Robert R. McGill, Esquire

OPM Disability Retirement: Connecting the Dots

Care at every step of the way in preparing an OPM disability retirement application is the key to winning. The metaphorical “dots” that need to be created and connected, will ensure that each aspect of a disability retirement claim is not seen as independent entities, but a part of a larger whole.

When an individual is unrepresented, there is a tendency in filling out the multiple forms that each form is a separate piece of information. That is an incorrect approach to take. What results from such an approach is why certain cases end up at the Merit Systems Protection Board, where the Board has to figure out whether they can accept a medical condition that the applicant failed to list or identify in the original application; or whether the connection to an essential job element was properly made.

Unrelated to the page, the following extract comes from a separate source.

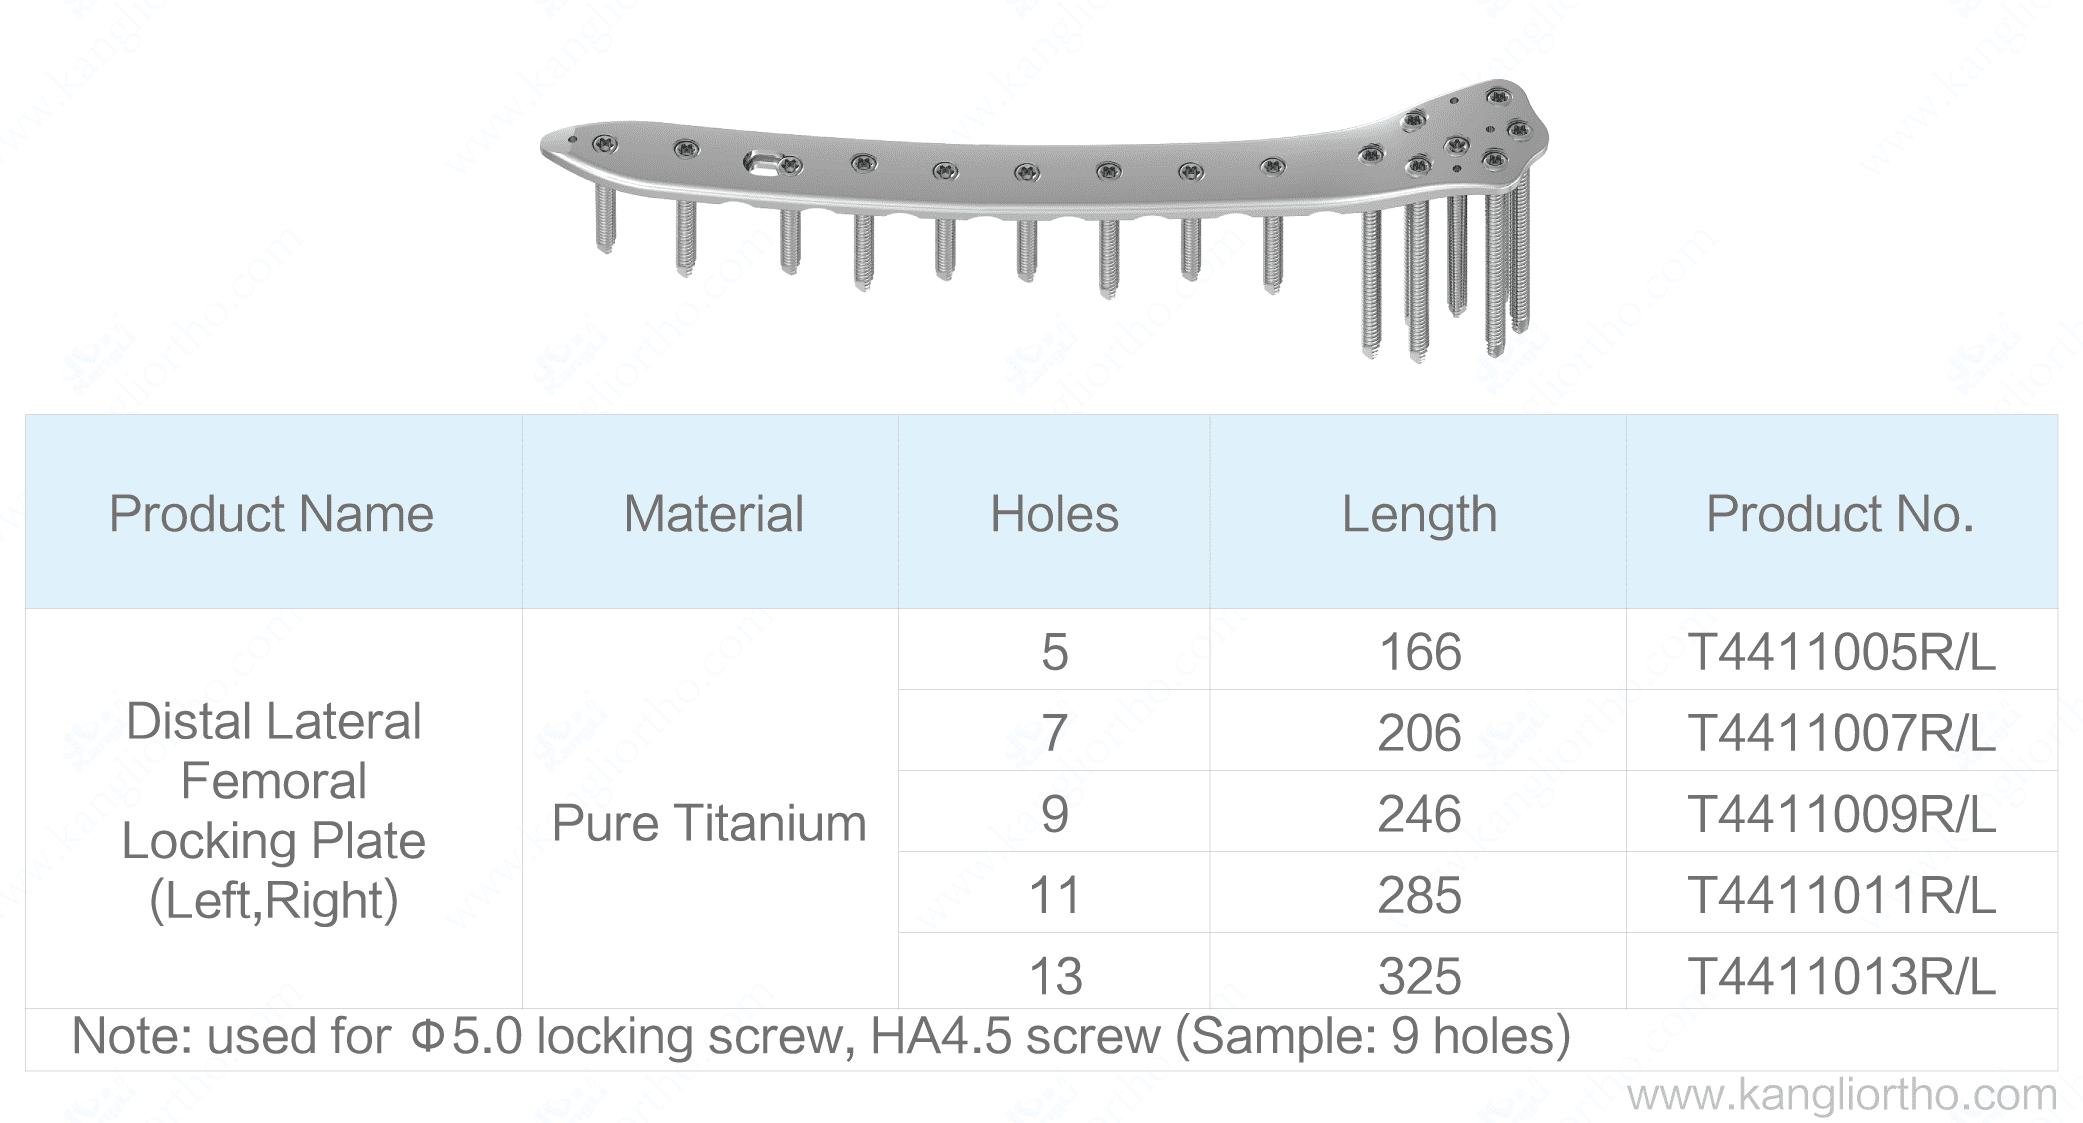 distal-lateral-femoral-locking-plate-specifications

While it is true that the Board engages in “de novo” consideration of a disability retirement eligibility issue, their jurisdiction is nevertheless limited by the substantive conditions which are identified in the original application. Thus, for instance, in writing up the Applicant’s Statement of Disability, it is wise to coordinate it by reviewing the medical documentation; when writing up the impact of the medical condition upon the essential elements of one’s job, it is wise to concurrently review one’s official job description. While preparing a Federal Disability Retirement application in a disjointed, independent approach, you are in danger of missing an essential dot; by seeing the inter-dependency of each part of the application, you stand a greater chance of not having to go before the MSPB to test whether they can even listen to your case. Disability retirement applications must be approached in this “wholistic” methodology; that is ultimately the “winning” approach, where all of the dots have been connected.